Content addressed derivations

Introduction

Floating content addressed derivations (from now CA derivations) is an experimental feature which substantially change how the hashes in the store paths are calculated. Indeed, normally derivations are input addressed i.e. the outputs store paths depends only on the derivation inputs, instead with CA derivations they depend on the content of the outputs.

This has two main advantages:

  • The so-called "early cutoff", namely the ability of Nix to stop a build if the build outputs would be something already built. For example suppose you add a comment in an Haskell source, at this point Nix will rebuild the component depending on this source but since the output will be the same (adding a comment is an "output-invariant" change for ghc) every other component that depends on that will not be rebuilt.
  • Users of the same Nix store does not need to trust each other when using substituters.

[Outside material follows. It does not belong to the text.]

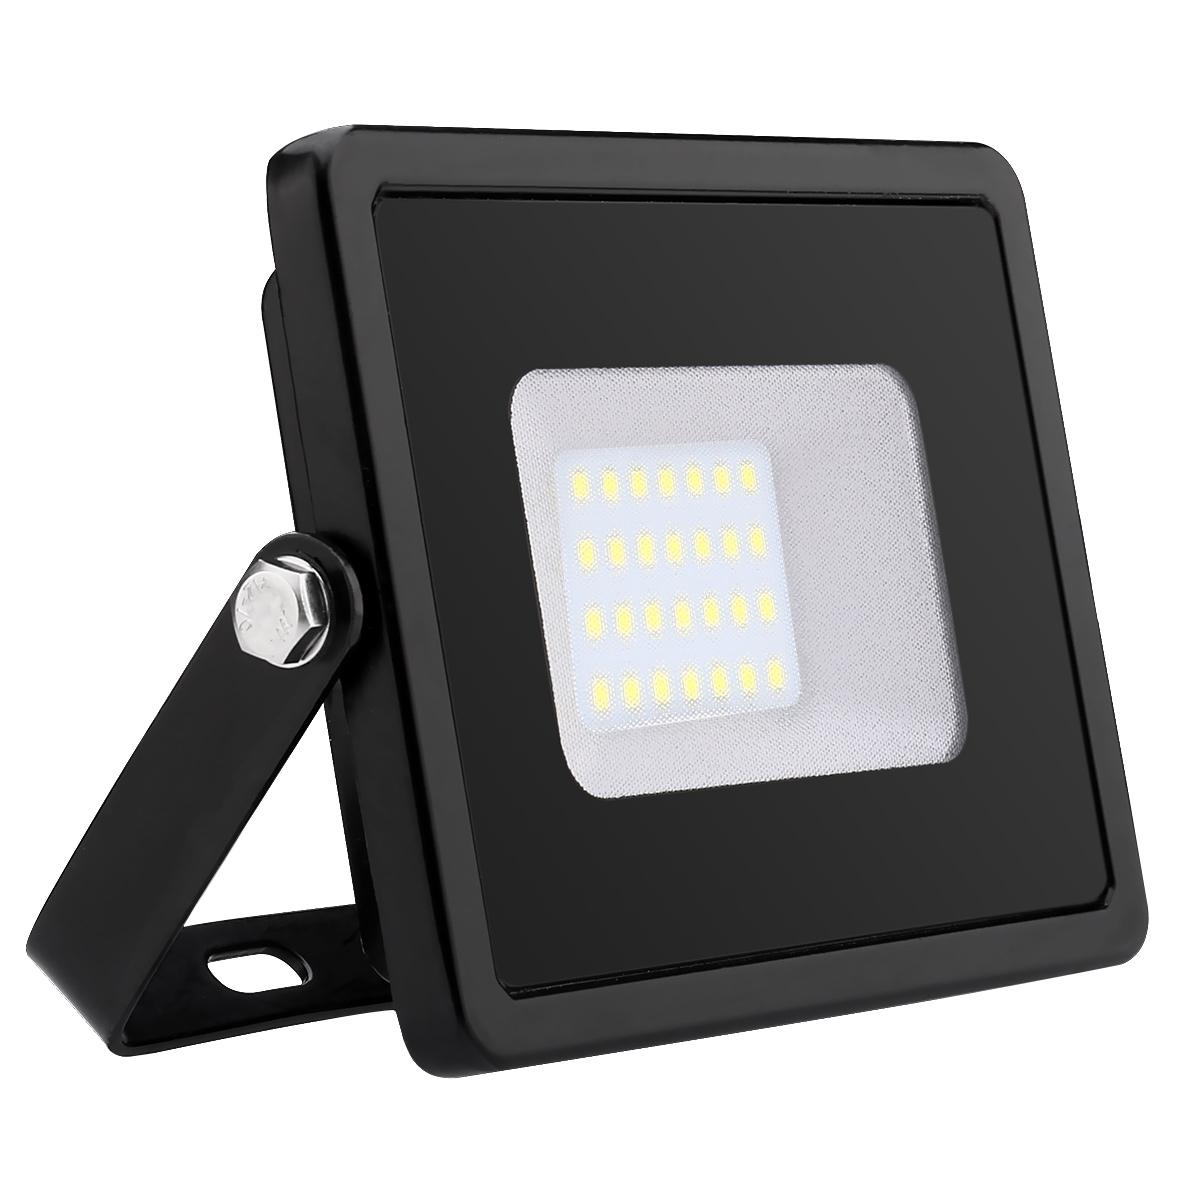 LED Fluter 20W, 1600lm Flutlicht, Wasserdicht LED Außenleuchten, ersetzt 200W Halogenlampe, Kaltweiß Flutlichtstrahler, Scheinwerfer

You can find more information in the ca-derivations page on the wiki (and in the other resources linked there).

Usage

Enable CA derivations in your system

First of all your Nix installation must support the ca-derivations experimental feature, this can done by adding the following in your nix.conf:

experimental-features = ca-derivations

Or if you use NixOS:

nix.extraOptions = ''
    experimental-features = ca-derivations
'';

Enable CA derivations in your project

At this point you can pass a new module to project' that tells haskell.nix to build every component in the project as CA derivation.

haskell-nix.project' {
	# ...
	
	modules = [{
		contentAddressed = true;
		# packages.project-name.components.exes.executable.contentAddressed = true;
	}];
};

Optionally you can also specify which components you don't want to be content addressed.

Known problems

Limitation of the current CA derivations implementation

As explained in the RFC 62

The current implementation has a naive approach that just forbids fetching a path if the local system has a different realisation for the same drv output. This approach is simple and correct, but it's possible that it might not be good-enough in practice as it can result in a totally useless binary cache in some pathological cases.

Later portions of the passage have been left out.